#### WORK REQUIRED:
Transcribe the data in full and exactly, omitting any pictures.

#### INFORMATION SHOWN:
------------------------------------------------------------
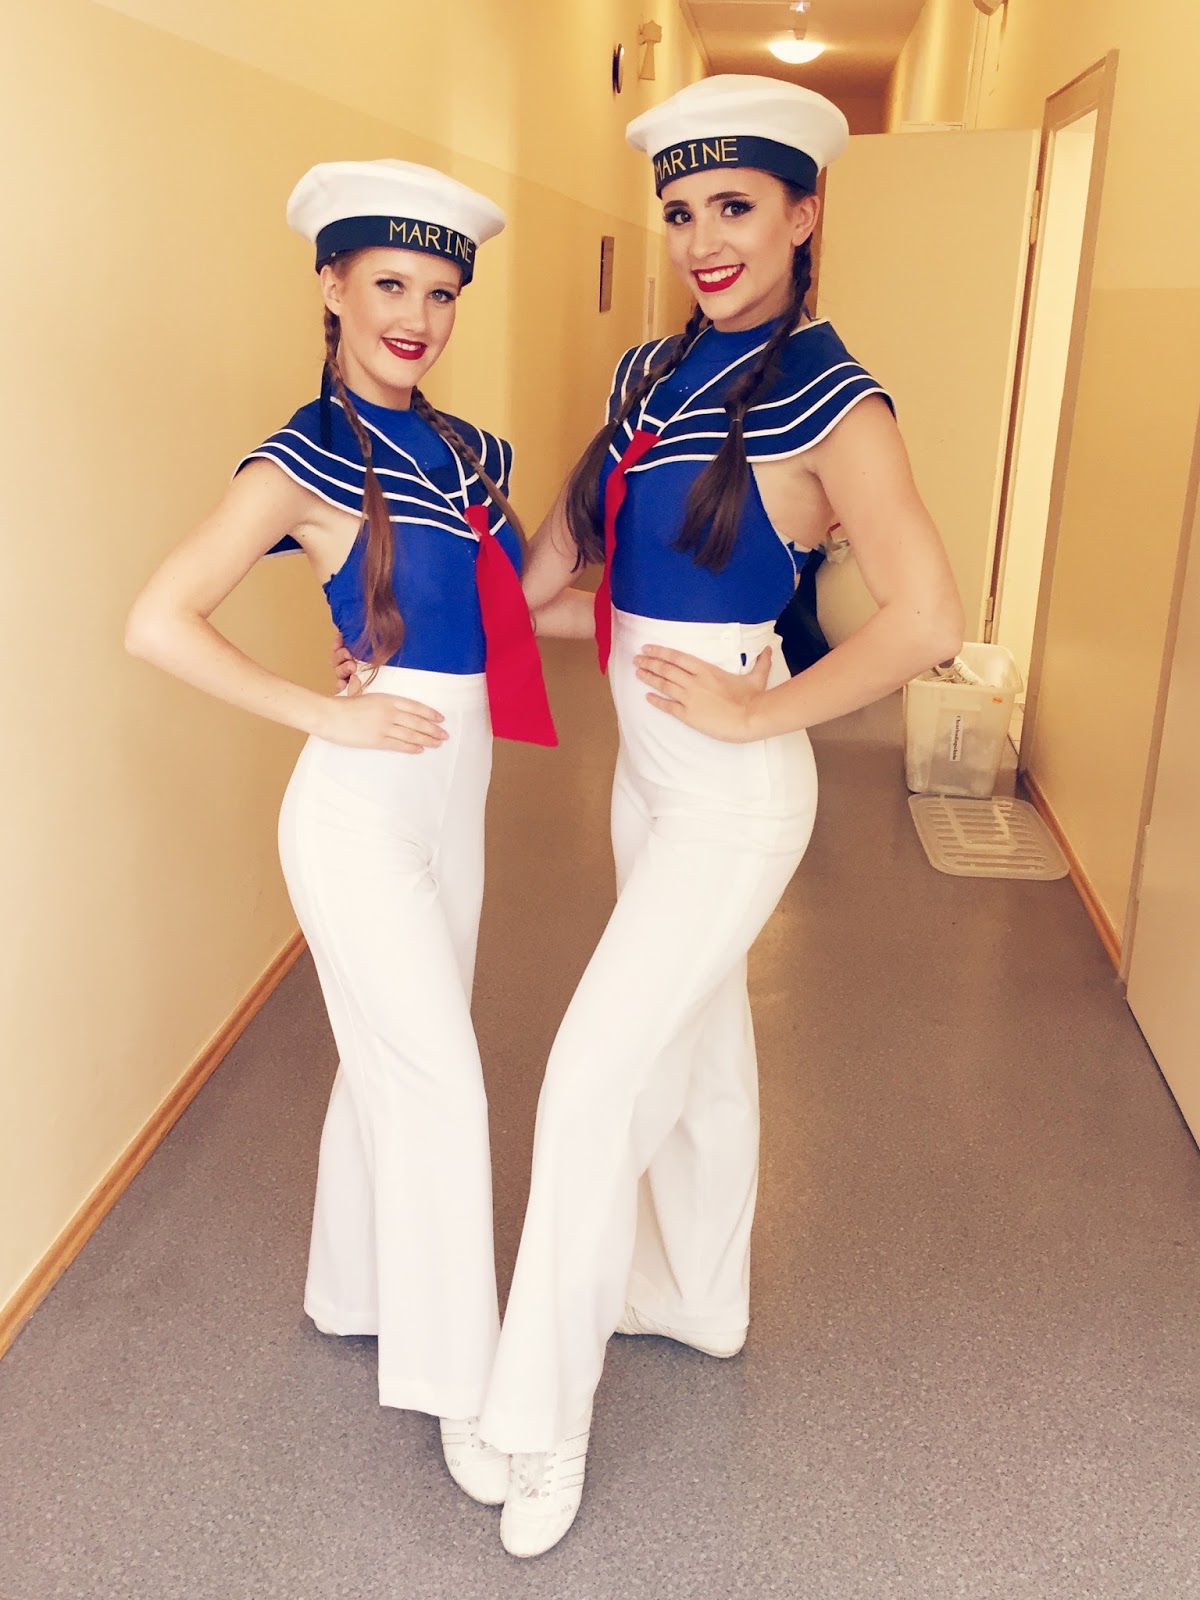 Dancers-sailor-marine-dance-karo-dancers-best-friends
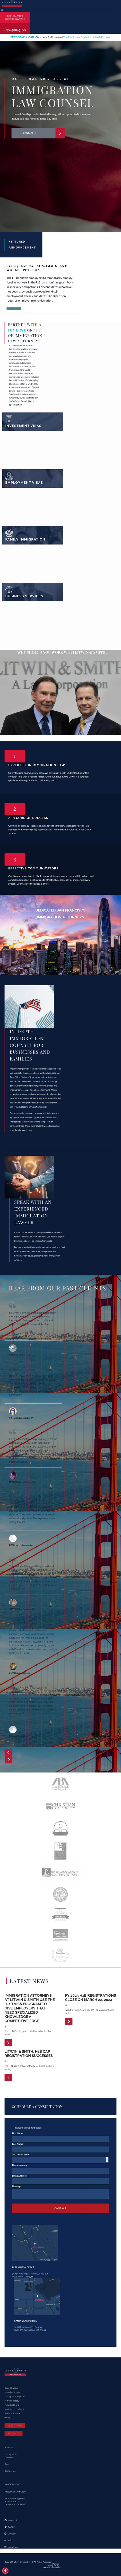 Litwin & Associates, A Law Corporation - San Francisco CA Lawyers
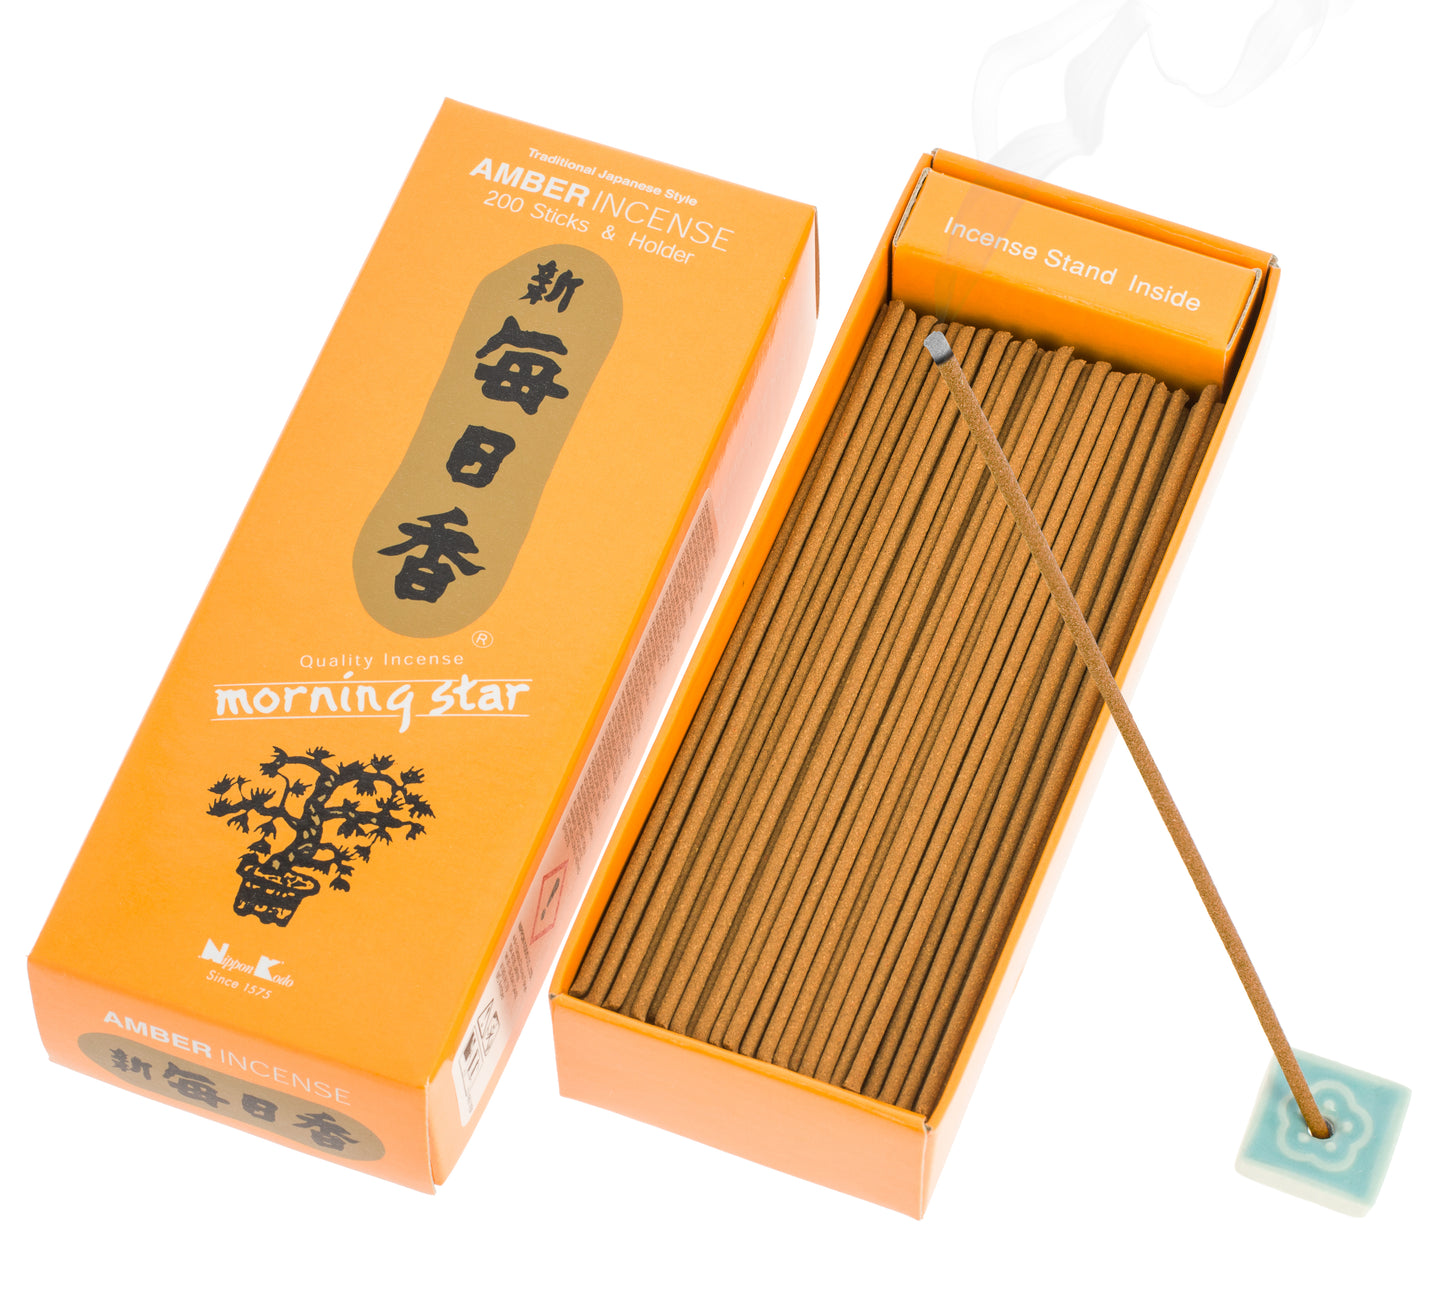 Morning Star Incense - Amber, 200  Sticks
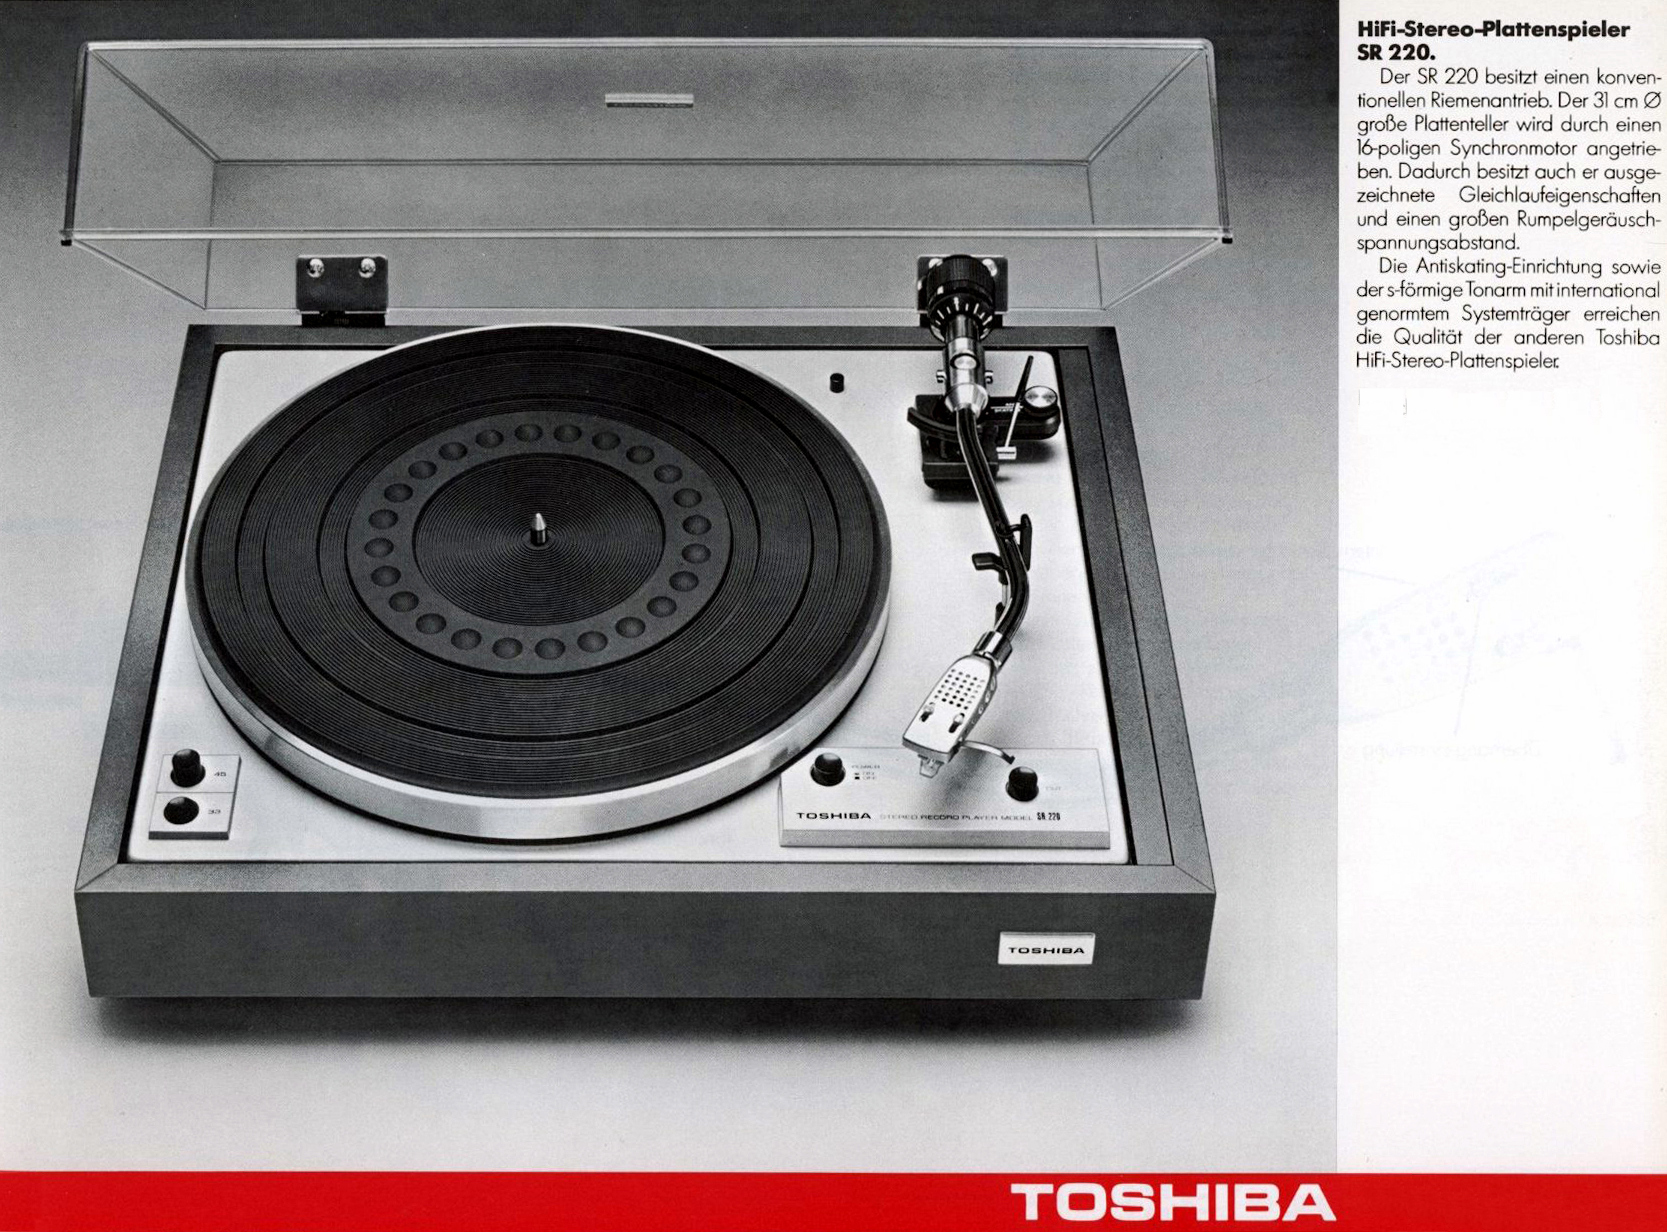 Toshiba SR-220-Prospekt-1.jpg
------------------------------------------------------------
#### SOLVED EXERCISE:
 Dancers-sailor-marine-dance-karo-dancers-best-friends
 Litwin & Associates, A Law Corporation - San Francisco CA Lawyers
 Morning Star Incense - Amber, 200  Sticks
 Toshiba SR-220-Prospekt-1.jpg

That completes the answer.